Apart from establishing the origin of arterial pressures, the data generated by our model also support the conclusion that the origin of giraffe positive and inverted jugular pressures is tissue pressure. Holt(Holt, 1959) predicted that jugular pressures should be zero. For the pressures to be positive viscous resistance must be greater than the force of gravity. Seymour and colleagues(Seymour et al., 1993; Seymour, 2000) concluded that tissue pressure was responsible and that the linearity of decrease could be attributed to a similar decline in tissue pressure. Our model showed that the amount of tissue pressure needed was small, similar to that measured by Hargens et al. (Hargens et al.,1987), was fairly constant throughout the length of the `neck',and decreased at high flow rates when the tube itself offered resistance to flow.

Pedley et al. concluded that three factors in addition to tissue pressure were also important (Pedley et al.,1996). These were the degree of collapse of the vein, wall compliance and flow rate. They also suggested that the origin of tissue pressure lay in the thickness of giraffe skin (15 mm). An analysis of this last possibility found that the average thickness of head and neck skin from six different sites in a giraffe was uniform, 5.7±0.1 mm, and not different to its thickness in the legs (4.7±1.2 mm). The thickest skin was over the trunk (9.2±1.8 mm)(Mitchell and Skinner, 2004). However, giraffe skin is completely collagenous(Mitchell and Skinner, 2004)and can be assumed to be very inflexible.
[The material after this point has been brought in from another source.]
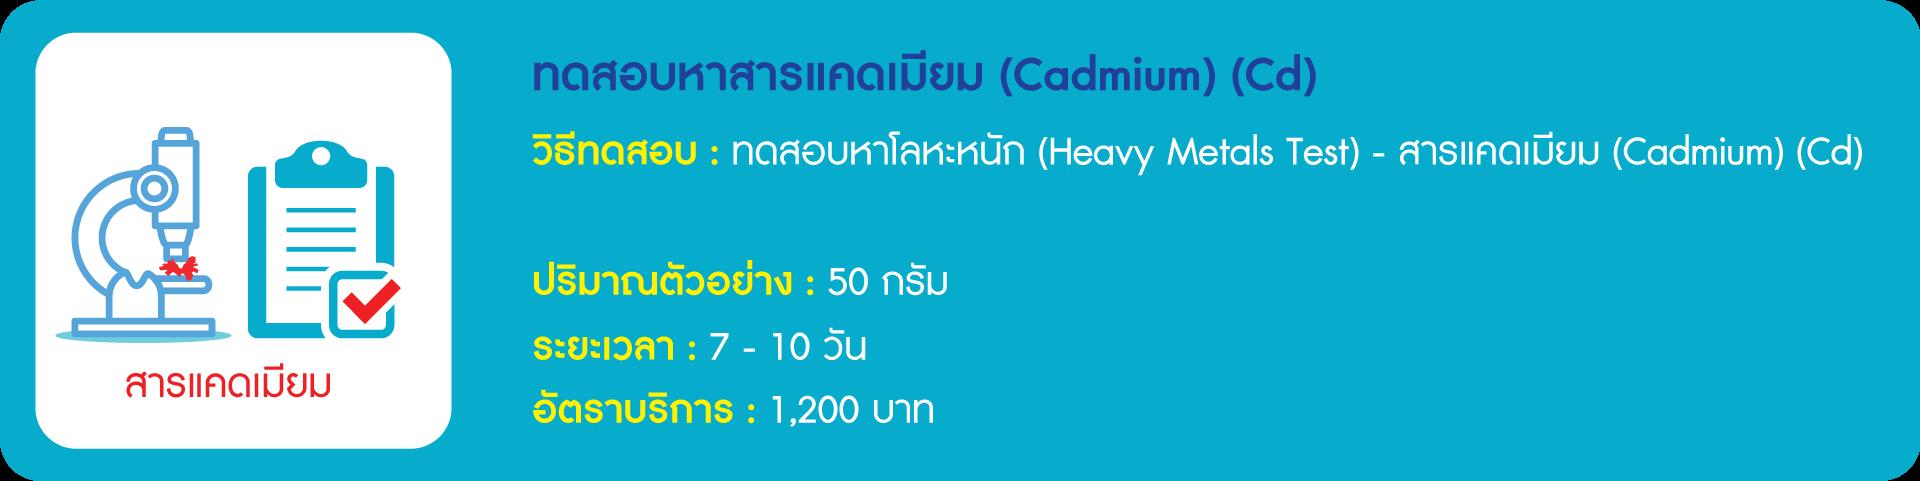 สารแคดเมียม (Cadmium) (Cd)

We think that in order to account for the lower resistance in our model's jugular tube (1 mmHg l^–1 min^–1) compared to that in a giraffe's jugular vein (6 mmHg l^–1min^–1) another factor is important. This factor is the viscosity of blood. Blood is four times more viscous than water and,therefore, from Poiseuille's equation, will offer higher resistance to flow. Thus tissue pressure, perhaps arising from inflexible skin, in addition to blood viscosity, are the most probable sources of jugular resistance in giraffe and are sufficient to create the inverse positive pressures found in them.

In summary our data combined with those from other studies have established that giraffe mean arterial (heart) pressure is a consequence of a baroreceptor-regulated mechanism that results in the generation of sufficient hydrostatic pressure to overcome gravitational effects, and to supply the head with blood at a pressure of ∼100 mmHg. No siphon effect is needed. The counter-gravitational, positive, jugular venous pressures found in giraffes are a consequence of viscous resistance resulting from a combination of blood viscosity and tissue pressure.

We thank Joe Bobbitt, Gus Petroski and Steve DeVries of the Red Buttes Environmental Research Laboratory, Laramie, Wyoming, for building the model,and Pax Harness, Peter Kamerman and Jeanette Mitchell for help with data collection. We also thank Prof Roger Seymour and an anonymous reviewer for comments that helped improve the manuscript. Funding for this project was provided by the University of Wyoming.